Ataxia is a relatively uncommon neurological condition that occurs either before or shortly after the puppy is born. It is also known as cerebellar abiotrophy and is caused when the brain cells, particularly in the cerebellum, begin to degenerate and die for no apparent reason. It is an inherited disorder and while rare is found in a great number of breeds, most that are working or herding dogs. The breeds affected by ataxia include the Kerry Blue Terrier, Rough Coated Collie, Miniature and Toy Poodle, Gordon Setter, Airedale, Australian Kelpie, Brittany Spaniel, Border Collie, Labrador Retriever, German Shepherd and Bernese Mountain Dog. It is occasionally seen in almost any other breed and also in mixed breed dogs.

The first signs of ataxia are usually noticeable before the puppies reach 12 weeks of age. These pups have very poor coordination and may walk with a very high stepping gait, seem to have a lack of balance, be unaware of how they are moving and stand with their legs splayed very wide apart. They may have tremors or seizures that become progressively worse and loss of muscle control over the bladder and bowels is not uncommon. They may become blind, become aggressive or even stop eating completely.
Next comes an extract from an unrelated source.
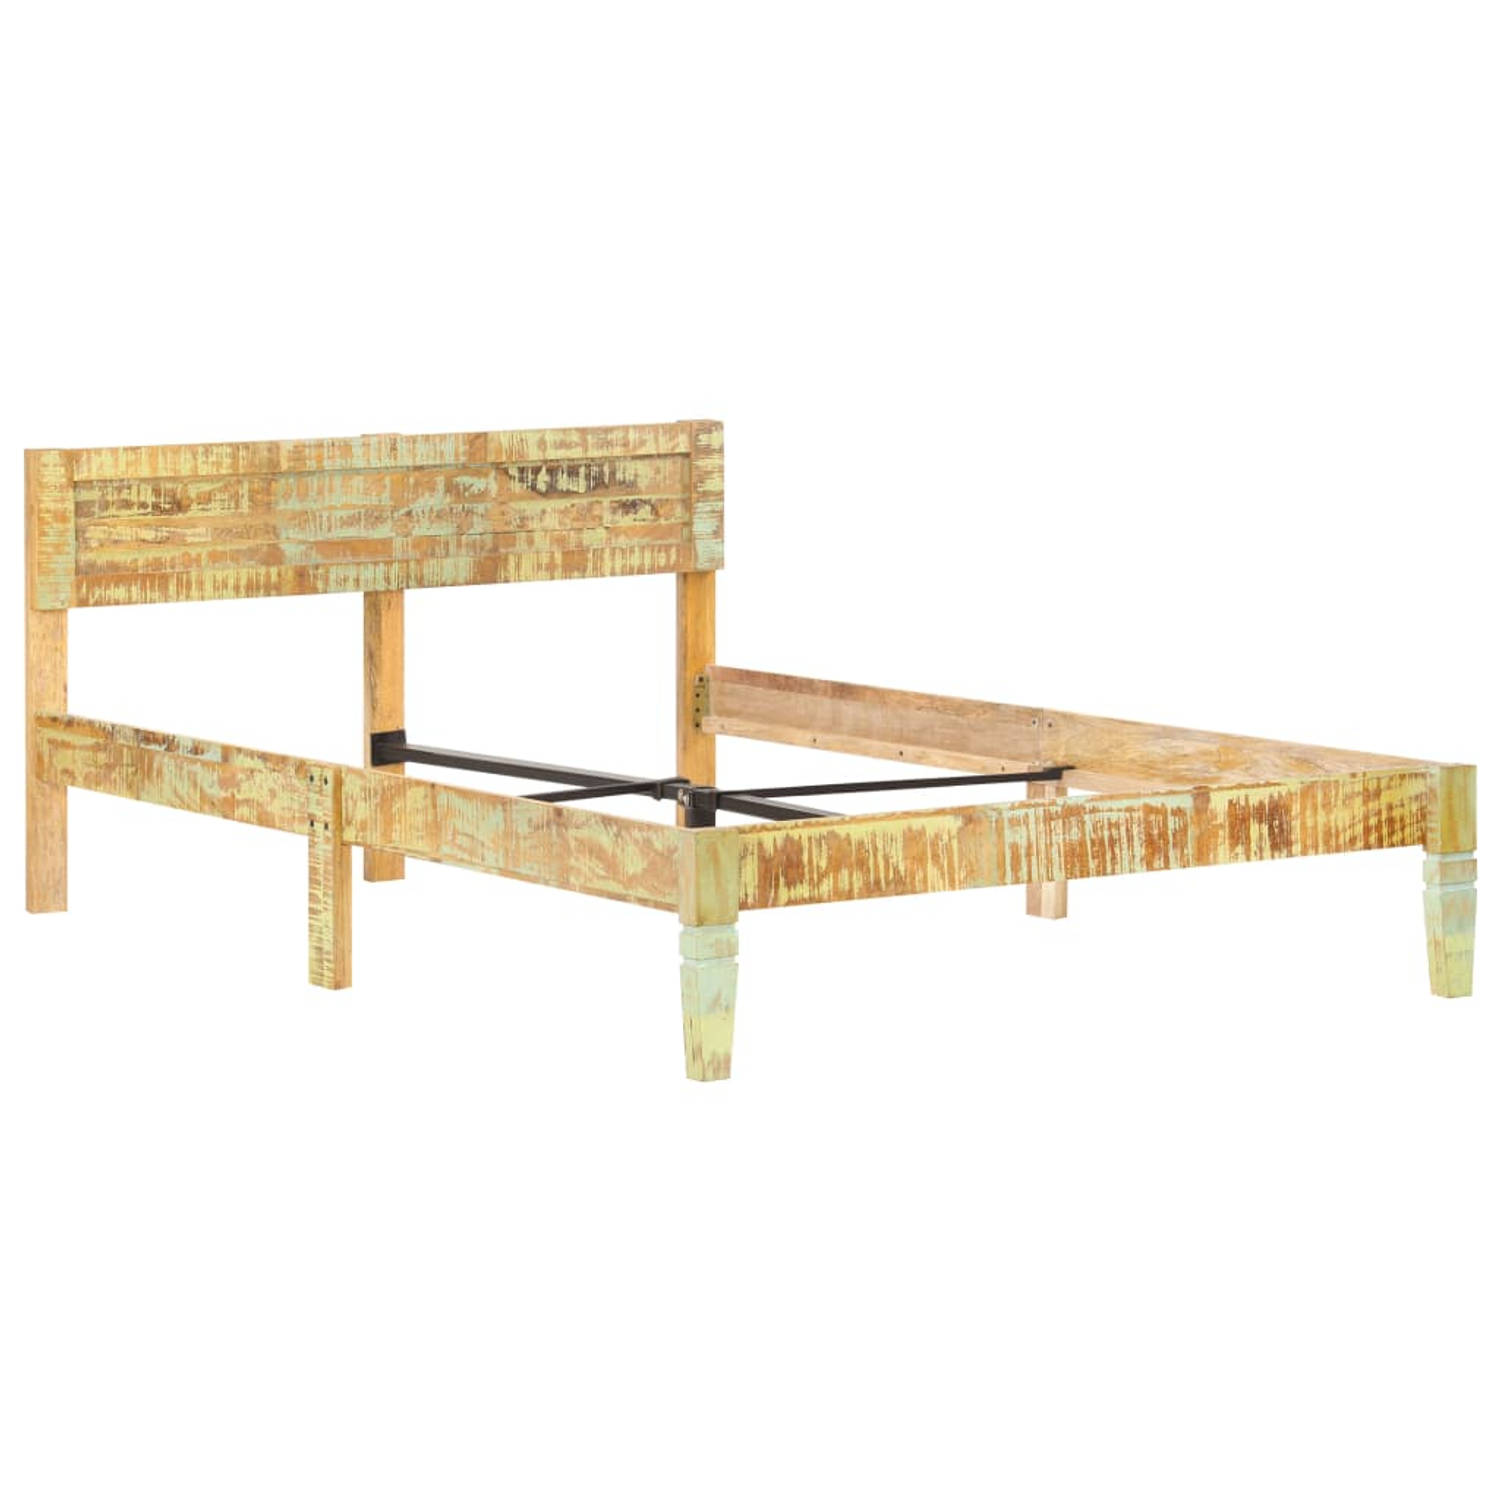 The Living Store Bedframe massief gerecycled hout 120x200 cm - Bedframe - Bedframe - Bed Frame - Bed Frames - Bed - Bedden - 2-persoonsbed - 2-persoonsbedden - Tweepersoons Bed

Unfortunately for the puppies that inherit this condition there is no cure or treatment. They are typically euthanized shortly after the condition starts to interfere with the puppy's ability to move around and have a normal life. All siblings in the litter with a puppy with ataxia should be spayed and neutered and the breeding pair should also be removed from the breeding program because of the possibility that one or both are carriers. This may vary depending on the breed as some cases of ataxia are linked to a sex gene which means only male puppies will exhibit the condition but the females will be carriers.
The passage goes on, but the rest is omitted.